But what, exactly, is the principle that children are over-applying? One possibility can be called the Minimal Distance Principle: the controller of the downstairs verb is the noun phrase nearest to it in the linear string of words in the sentence. If children analyze sentences in terms of linear order, this should be a natural generalization. However, it isn't right for the adult language. Consider the passive sentence Mary was told by John to leave. The phrase John is closest to the subject position for leave, but adult English speakers understand the sentence as meaning that Mary is the one leaving. The Minimal Distance Principle gives the wrong answer here. Instead, for the adult language, we need a principle sensitive to grammatical structure, such as the "c-control" structural relation discussed in the Chapter by Lasnik [?]. Let's consider a simplified version, which we can call the Structural Principle. It might say that the controller of a missing subject is the grammatical object of the upstairs verb if it has one; otherwise it is the grammatical subject of the upstairs verb (both of them c-command the missing subject). The object of a preposition in the higher clause, however, is never allowed to be a controller, basically because it is embedded "too deeply" in the sentence's tree structure to c-command the missing subject. That's why Mary was told by John to leave has Mary as the controller. (It is also why, incidentally, the sentence Mary was promised by John to leave is unintelligible -- it would require a prepositional phrase to be the controller, which is ruled out by the Structural Principle.)
It would certainly be understandable if children were to follow the Minimal Distance Principle. Not only is it easily stated in terms of surface properties that children can easily perceive, but sentences that would disconfirm it like Mary was told by John to leave are extremely rare in parents' speech. Michael Maratsos (1974) did the crucial experiment. He gave children such sentences and asked them who was leaving. Of course, on either account children would have to be able to understand the passive construction to interpret these sentences, and Maratsos gave them a separate test of comprehension of simple passive sentences to select out only those children who could do so. And indeed, he found that those children interpreted passive sentences with missing embedded subjects just as adults would. That is, in accord with the Structural Principle and in violation of the Minimal Distance Principle, they interpreted Mary was told by John to leave as having the subject, Mary, do the leaving; that is, as the controller. The experiment shows how young children have grasped the abstract structural relations in sentences, and have acquired a grammar of the same design as that spoken by their parents.
Innate knowledge of grammar itself is not sufficient. It does no good for the child to have written down in his brain "There exist nouns"; children need some way of finding them in parents' speech, so that they can determine, among other things, whether the nouns come before the verb, as in English, or after, as in Irish. Once the child finds nouns and verbs, any innate knowledge would immediately be helpful, because the child could then deduce all kinds of implications about how they can be used. But finding them is the crucial first step, and it is not an easy one.

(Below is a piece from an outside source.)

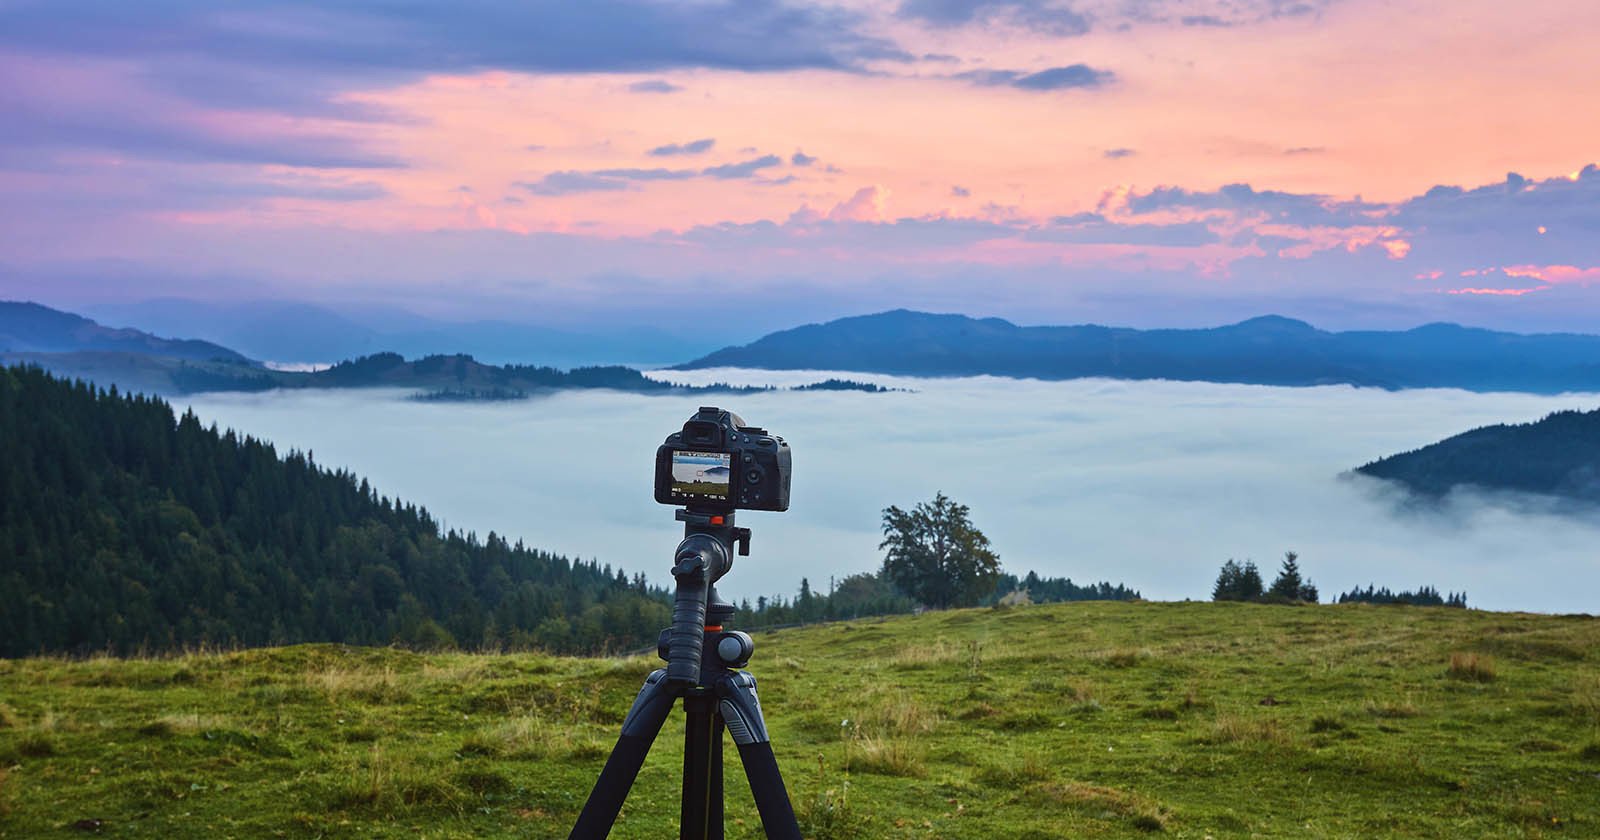 16 Types of Landscape Photography

In English, nouns can be identified as those things that come after articles, get suffixed with -s in the plural, and so on. But the infant obviously doesn't know that yet. Nouns don't occur in any constant position in a sentence across the languages of the world, and they aren't said with any particular tone of voice. Nor do nouns have a constant meaning -- they often refer to physical things, like dogs, but don't have to, as in The days of our lives and The warmth of the sun. The same is true for other linguistic entities, such as verbs, subjects, objects, auxiliaries, and tense. Since the child must somehow "lift himself up by his bootstraps" to get started in formulating a grammar for the language, this is called the "bootstrapping problem" (see Pinker, 1982, 1984, 1987b, 1989, 1994; Morgan, 1986; Gleitman, 1990; and the contributors to Morgan and Demuth, 1995). Several solutions can be envisioned.

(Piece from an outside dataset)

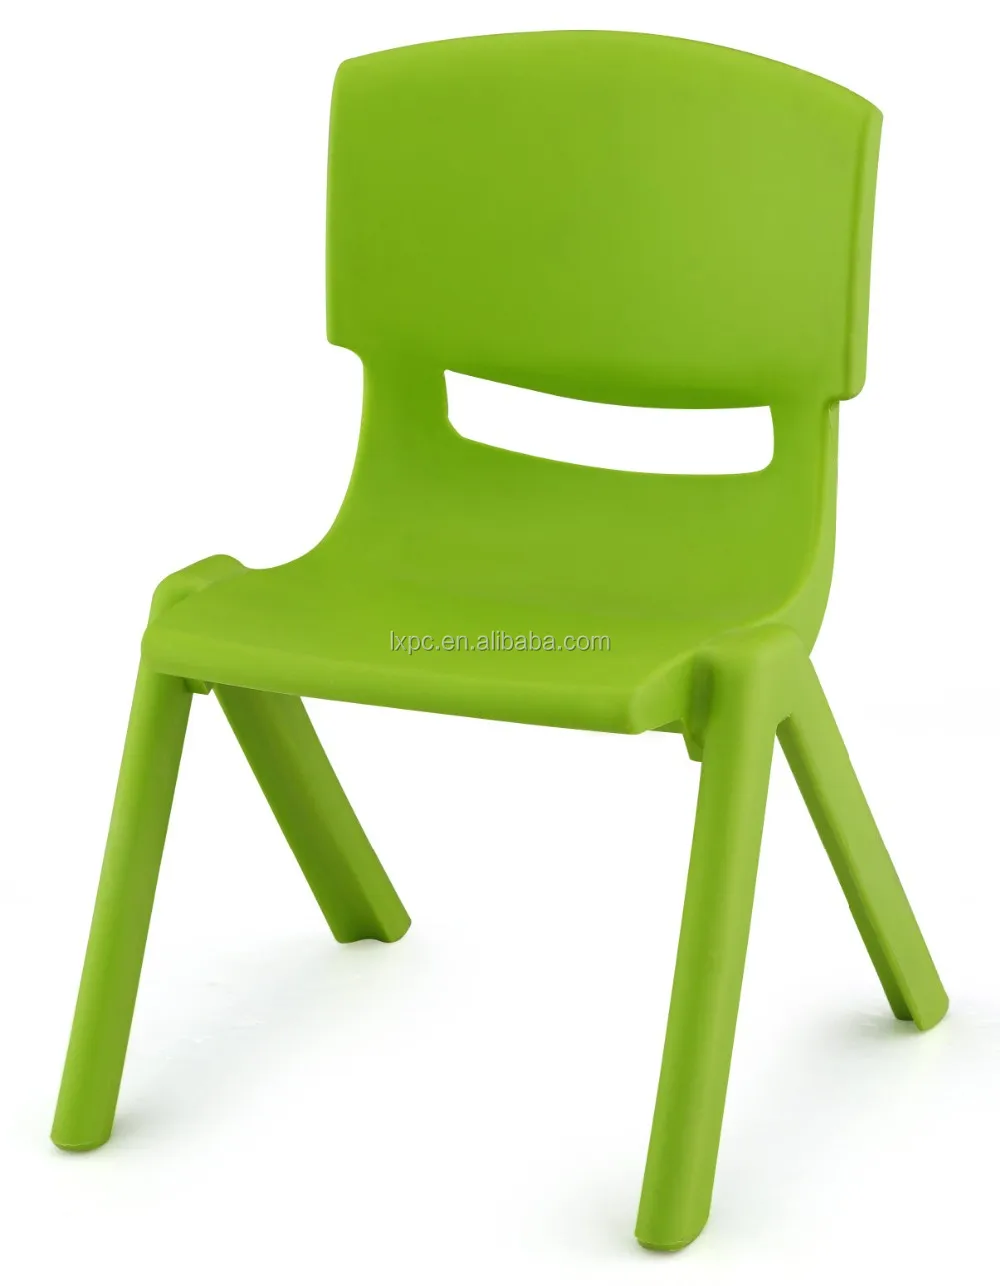 Any Color Available Cheap Wholesale Kids Plastic Party Chairs - Buy

There are two problems with this proposal. The main one is that the features that the prelinguistic child is supposed to be cross-referencing are not audibly marked in parental speech. Rather, they are perceptible only to child who has already analyzed the grammar of the language -- just what the proposal is trying to explain in the first place! How is a prelinguistic child supposed to find the "subject" of the sentence in order to correlate it with the ending on the words he or she is focusing on? A subject is not the same thing as the first word or two of the sentence (e.g., The big bad wolf huffed and puffed) or even the first phrase (e.g., What did the big bad wolf do?). We have a dilemma. If the features defining the rows and columns of the correlation matrix are things that are perceptible to the child, like "first word in a sentence," then grammatical categories will never emerge, because they have no consistent correlation with these features. But if the features are the things that do define grammatical categories, like agreement and phrase structure position, the proposal assumes just what it sets out to explain, namely that the child has analyzed the input into its correct grammatical structures. Somehow, the child must break into this circle. It is a general danger that pops up in cognitive psychology whenever anyone proposes a model that depends on correlations among features: there is always a temptation to glibly endow the features with the complex, abstract representations whose acquisition one is trying to explain.
The second problem is that, without prior constraints on the design of the feature-correlator, there are an astronomical number of possible intercorrelations among linguistic properties for the child to test. To take just two, the child would have to determine whether a sentence containing the word cat in third position must have a plural word at the end, and whether sentences ending in words ending in d are invariably preceded by words referring to plural entities. Most of these correlations never occur in any natural language. It would be mystery, then, why children are built with complex machinery designed to test for them -- though another way of putting it is that it would be a mystery why there are no languages exhibiting certain kinds of correlations given that children are capable of finding them.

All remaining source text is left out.